#### DATA BELOW ####

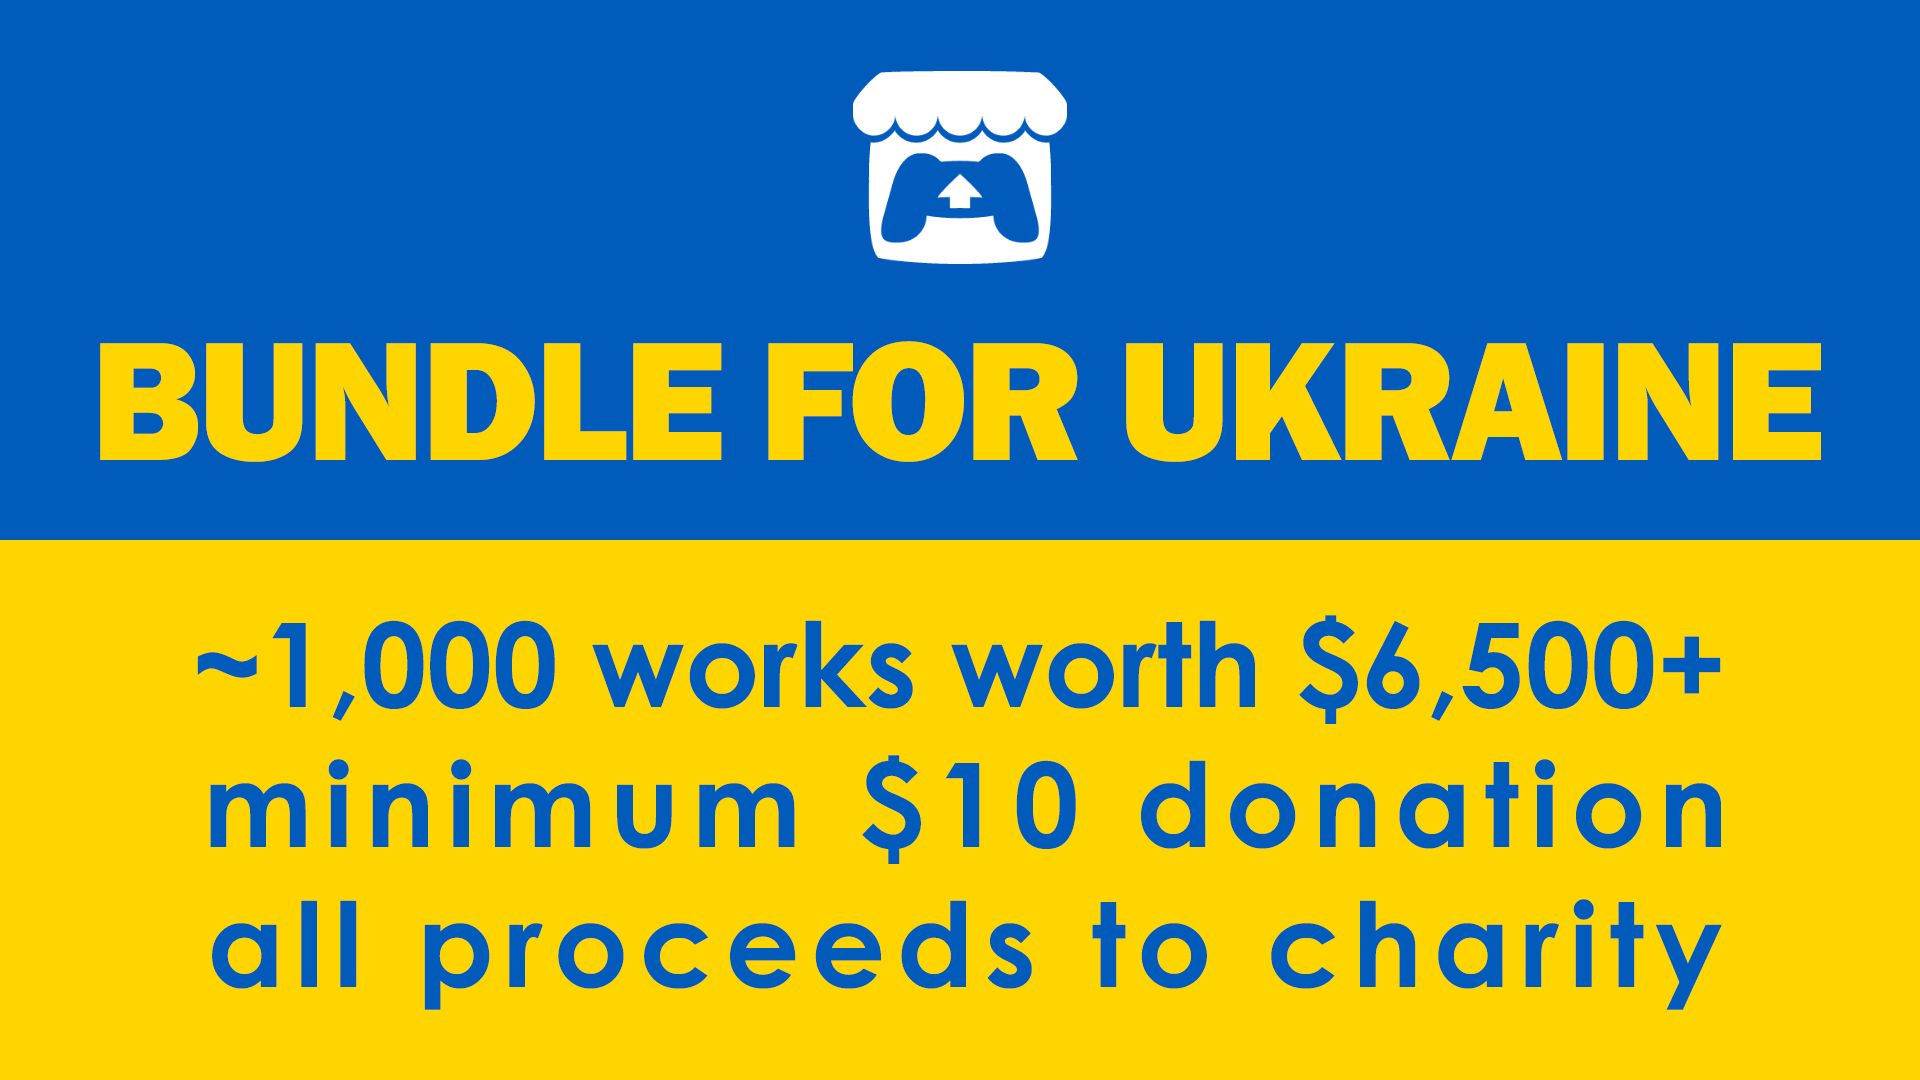 Artwork promoting the Itch.io Bundle for Ukraine.
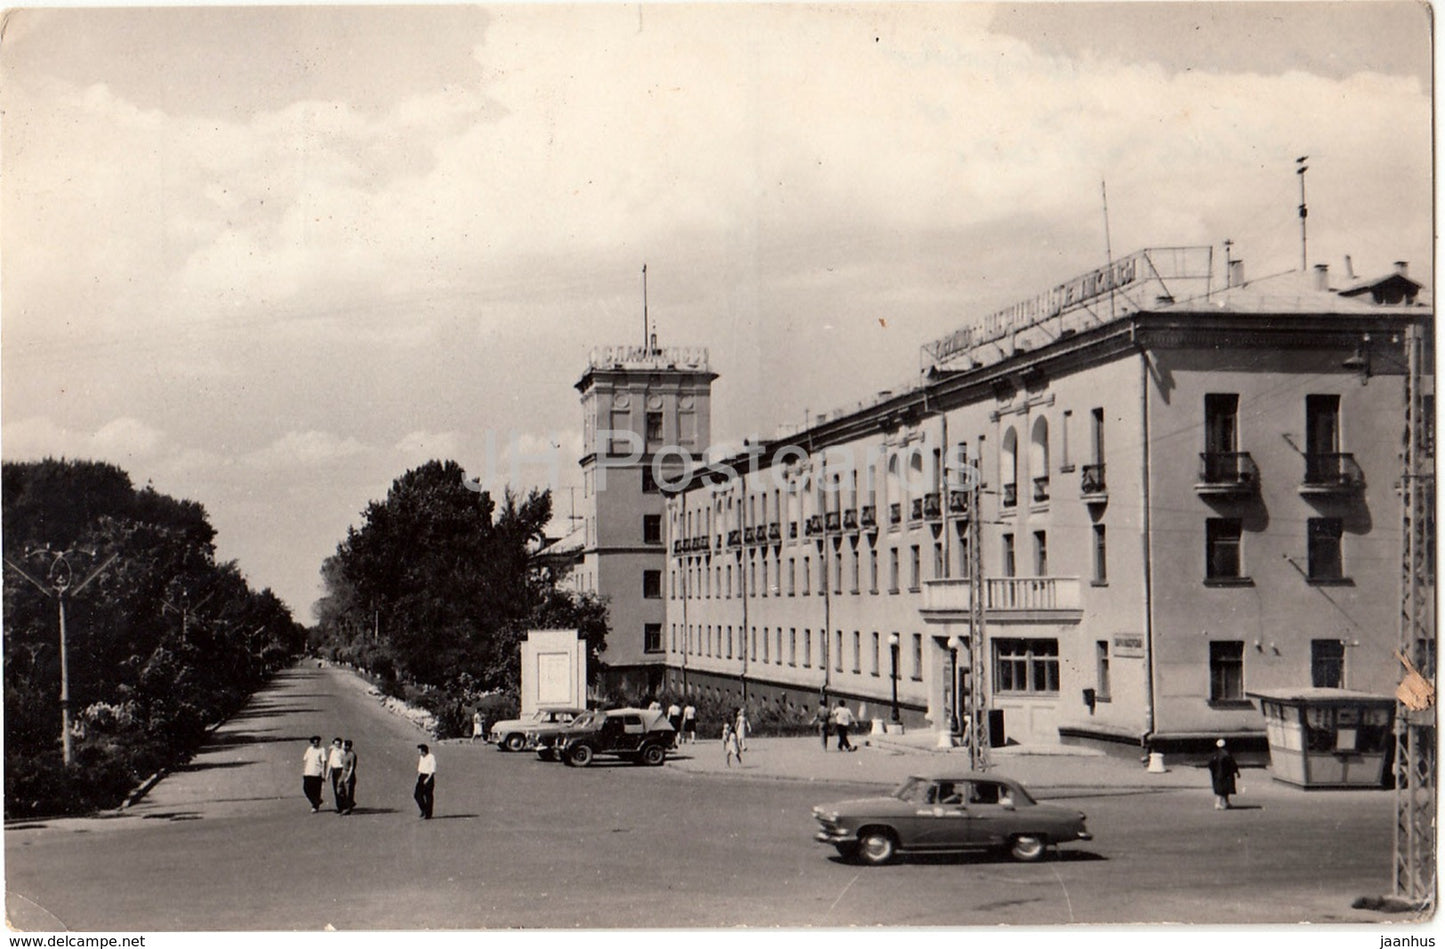 Bishkek - Frunze - Ala-Too hotel - car Volga - photo postcard - Kyrgyzstan USSR - used - JH Postcards
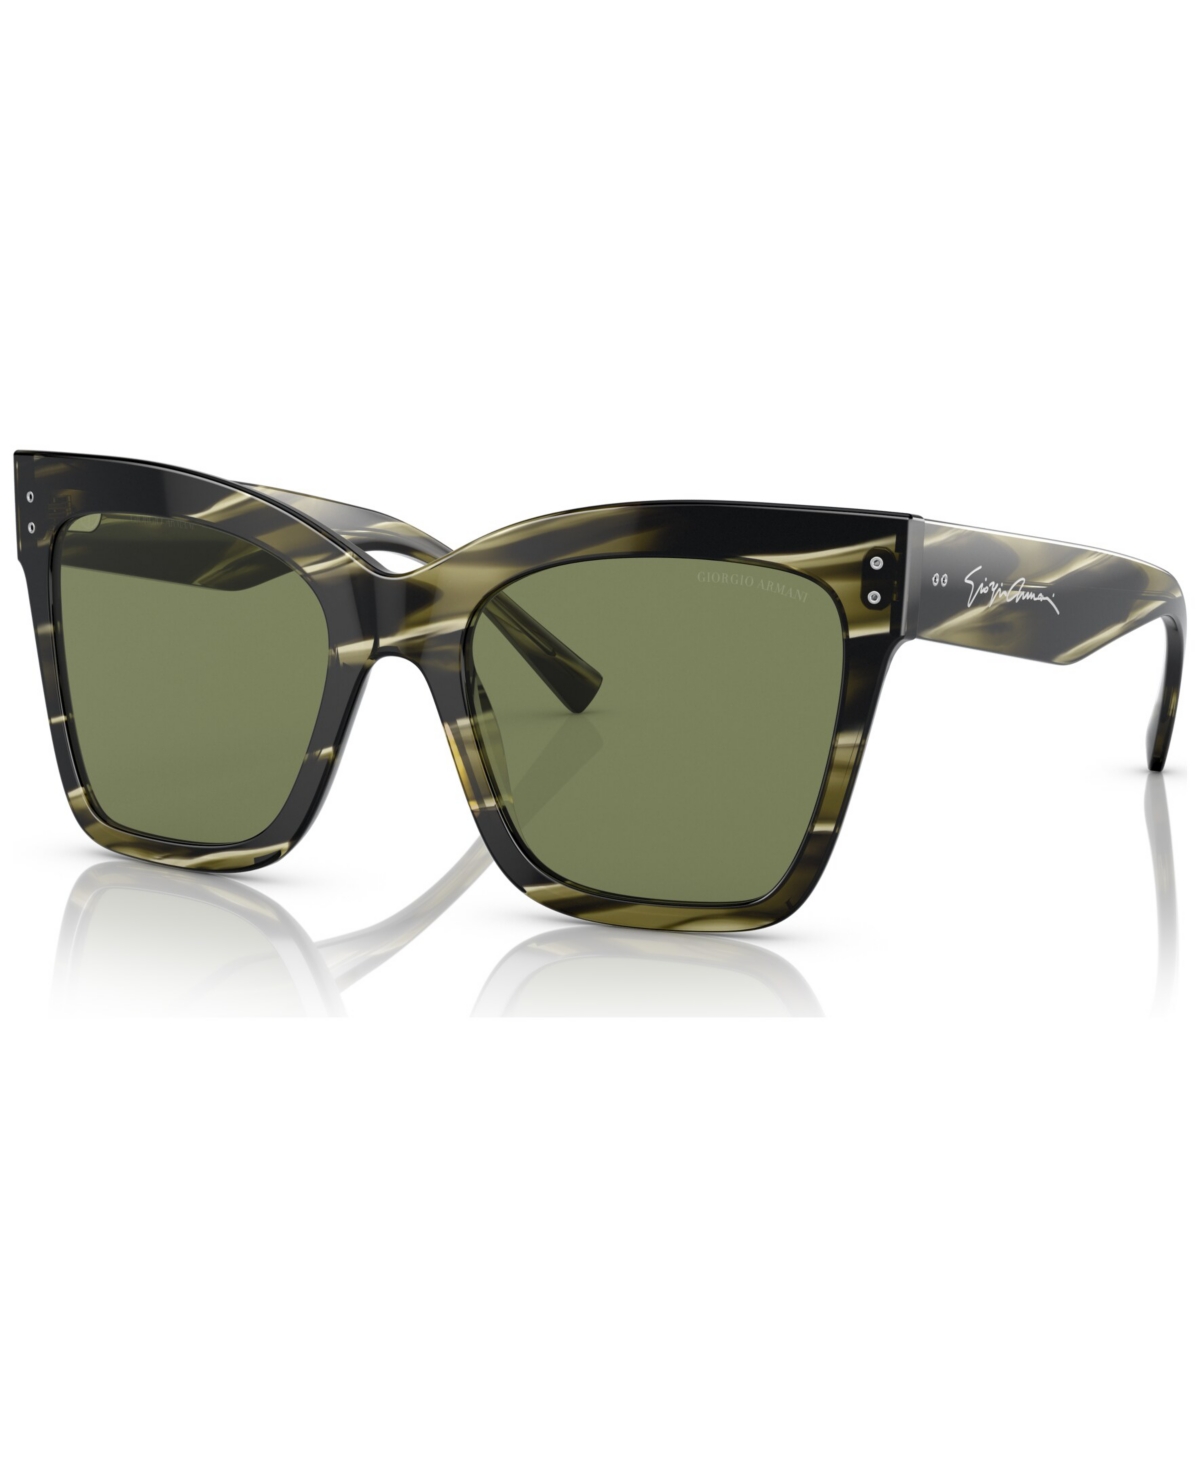 Women's Sunglasses, AR8175 - Striped Green
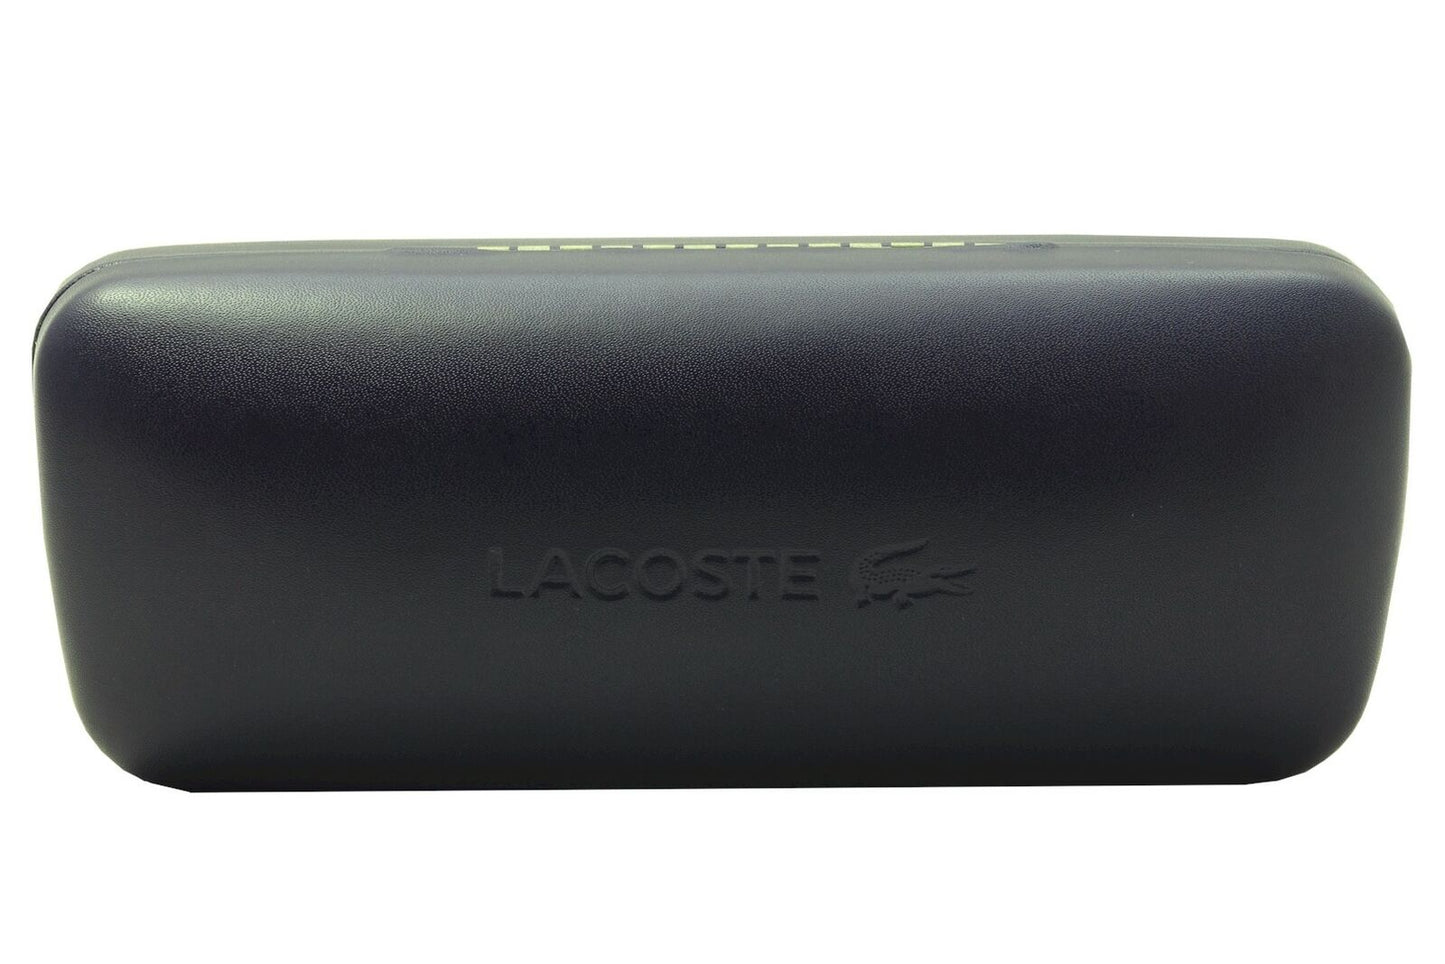 Lacoste L781SP-414 52mm New Sunglasses

####

* **PROBLEM TO SOLVE**
In your copy of the listing above, reproduce each line exactly and omit all pictures.

* **RESULT FOR THIS EXERCISE**
 Artwork promoting the Itch.io Bundle for Ukraine.
 Bishkek - Frunze - Ala-Too hotel - car Volga - photo postcard - Kyrgyzstan USSR - used - JH Postcards
 Women's Sunglasses, AR8175 - Striped Green
 Lacoste L781SP-414 52mm New Sunglasses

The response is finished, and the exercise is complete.